WHAT IS EXPECTED:
Start at the line with "Laser communications hold" and print every line through the end of the material below. Keep it exact and free of pictures.

DATA SHOWN:
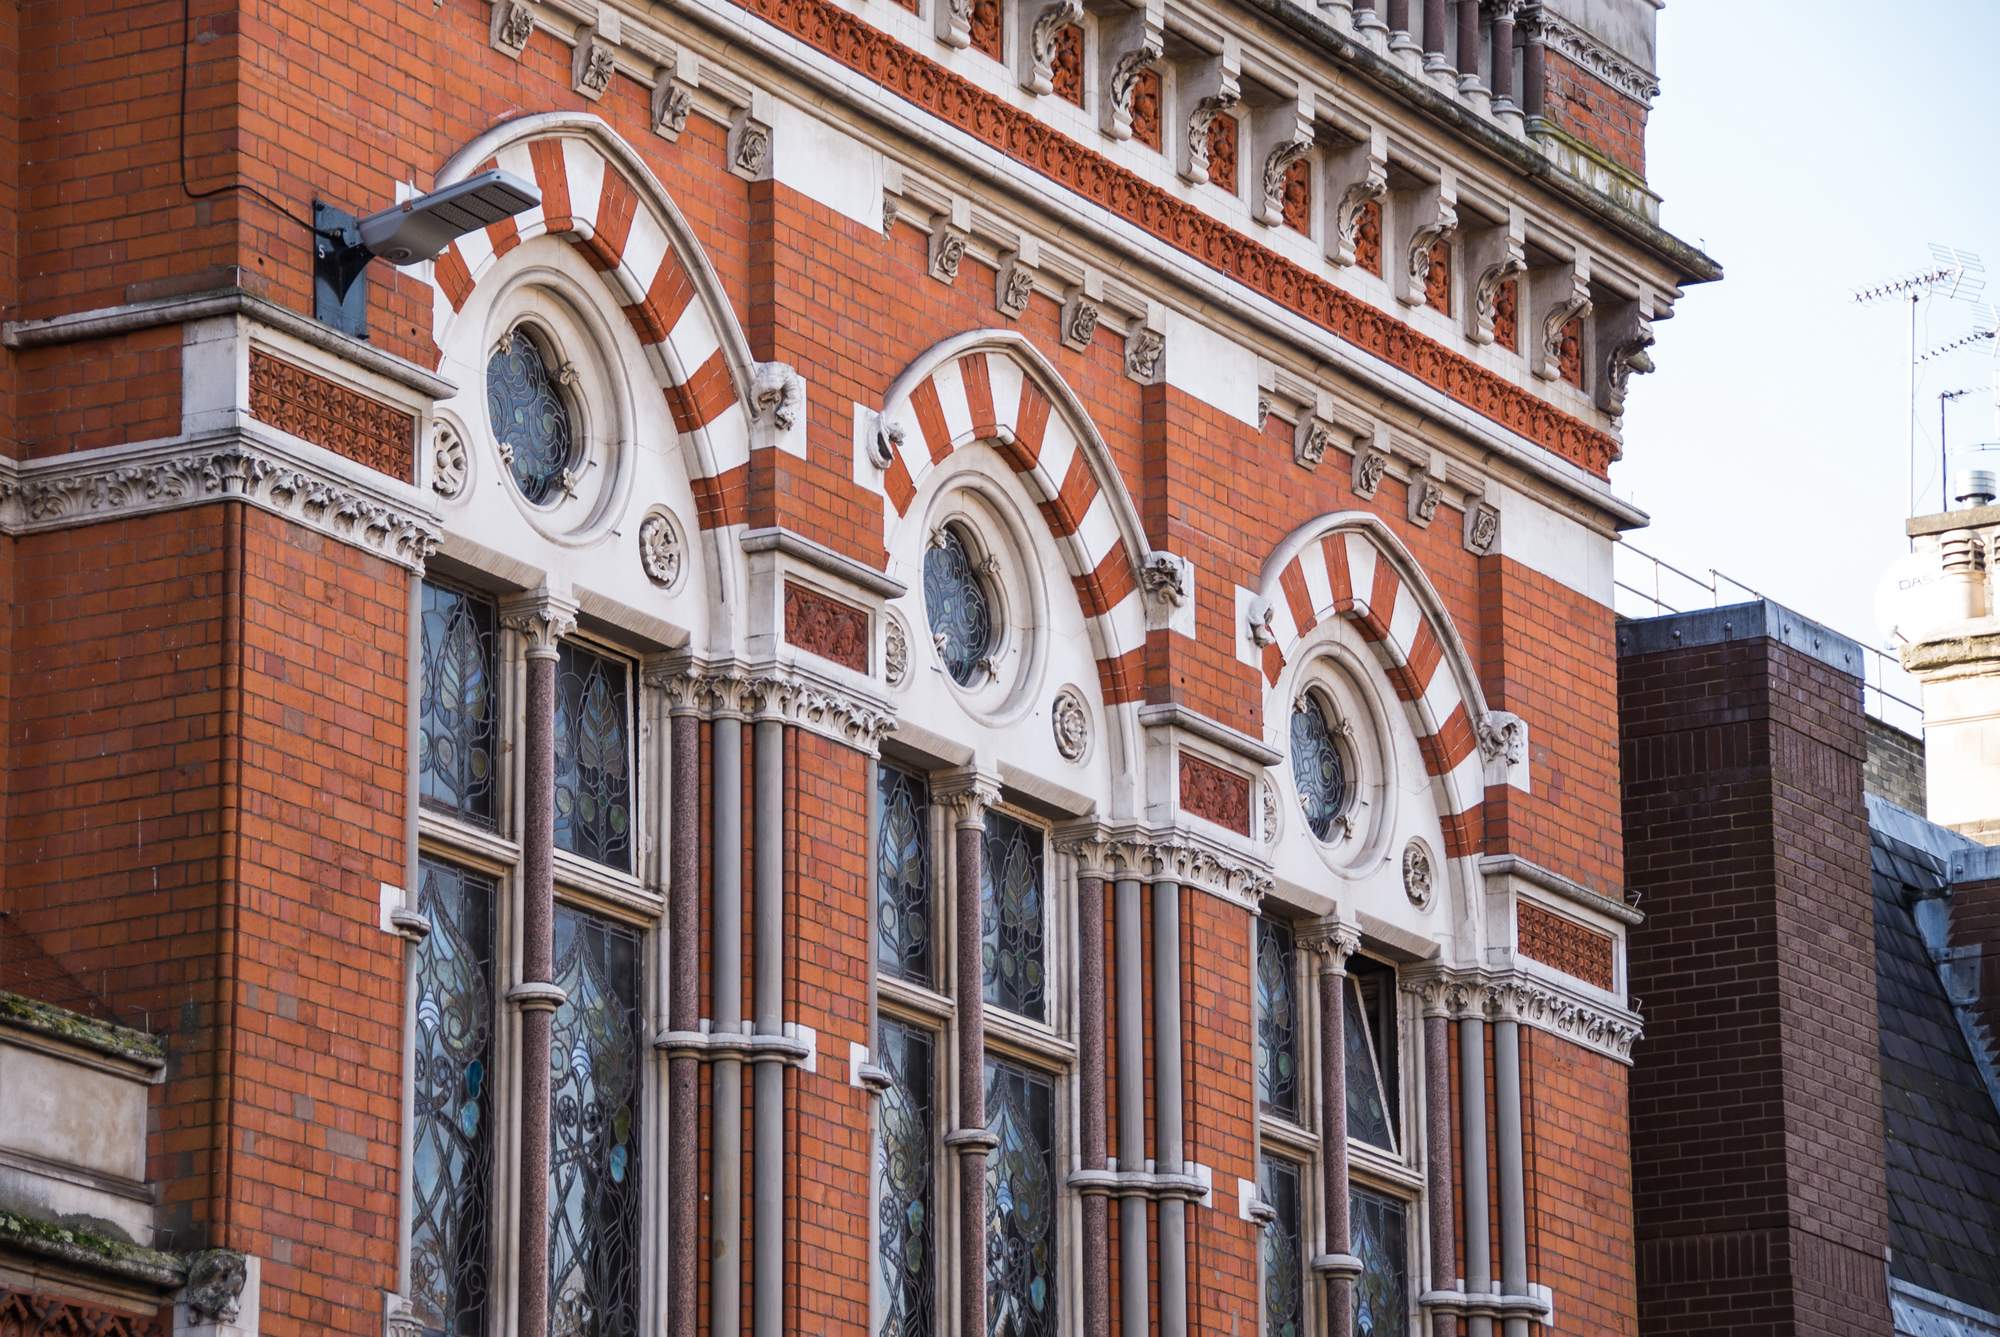 The ornate brickwork is a key feature of the design -
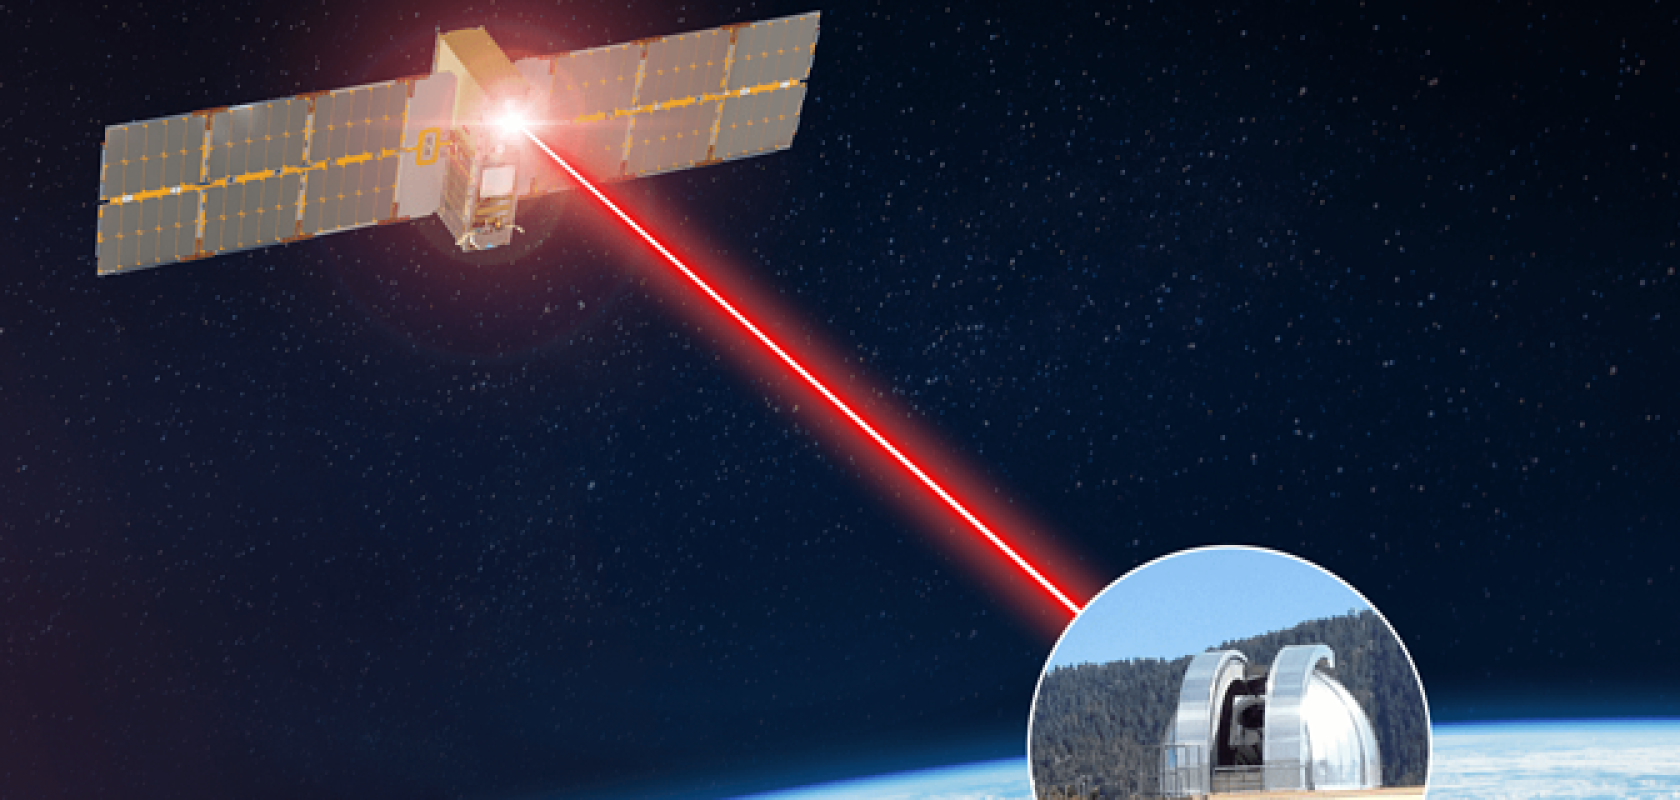 Laser communications hold more information than conventional radio systems, which could help scientists make more discoveries (Image: NASA)
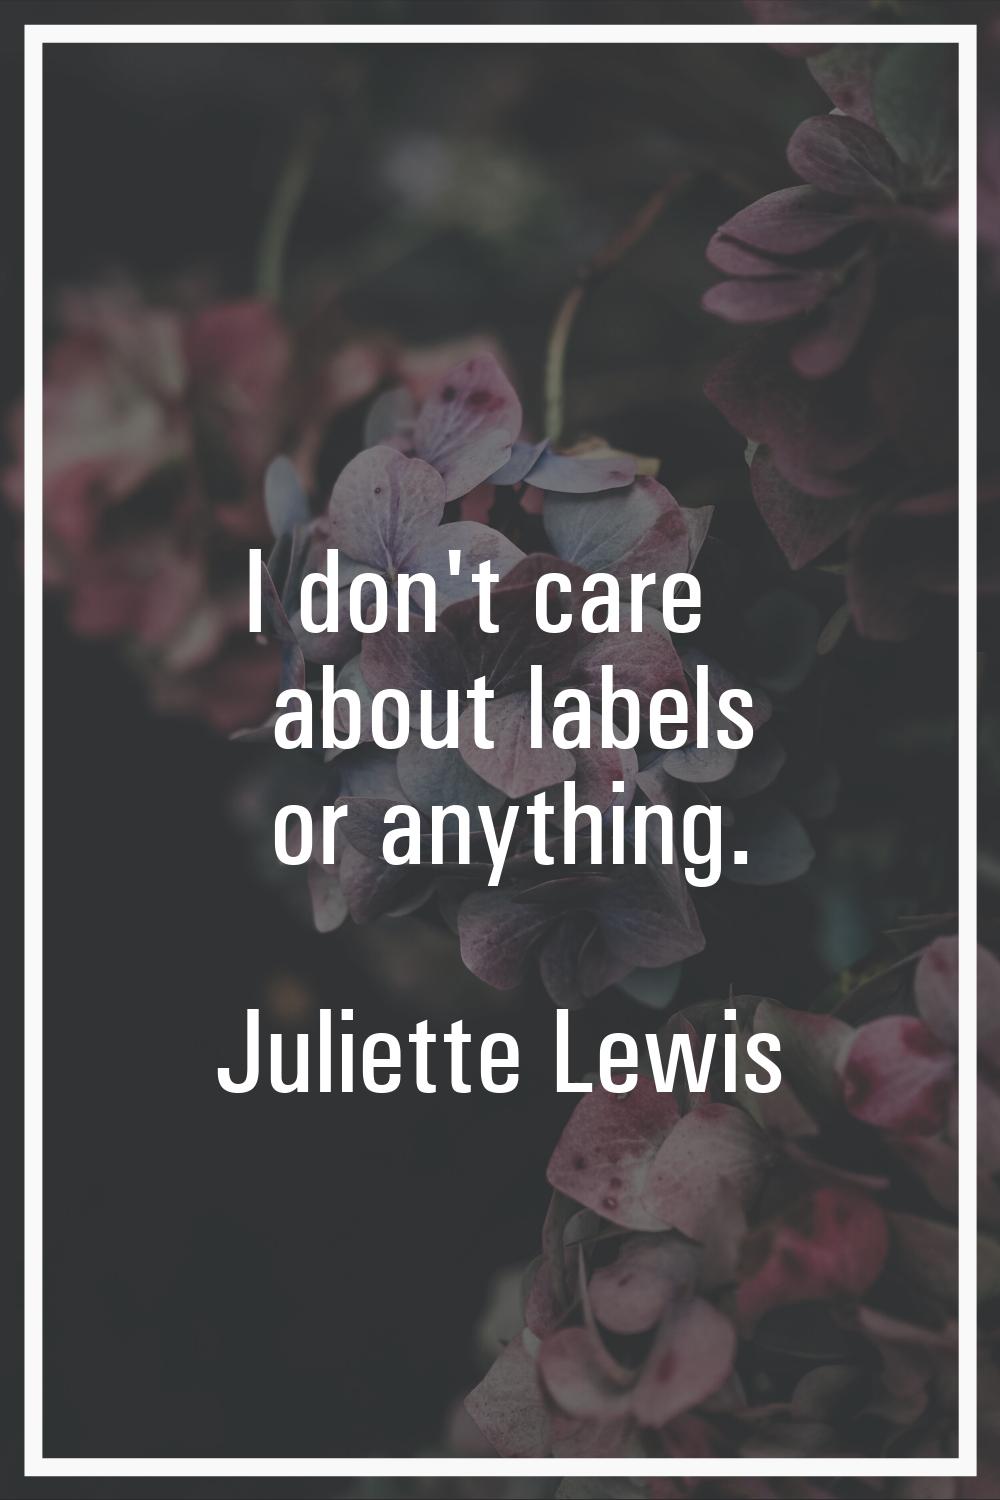 I don't care about labels or anything.

COMPLETED TASK:
 Laser communications hold more information than conventional radio systems, which could help scientists make more discoveries (Image: NASA)
 I don't care about labels or anything.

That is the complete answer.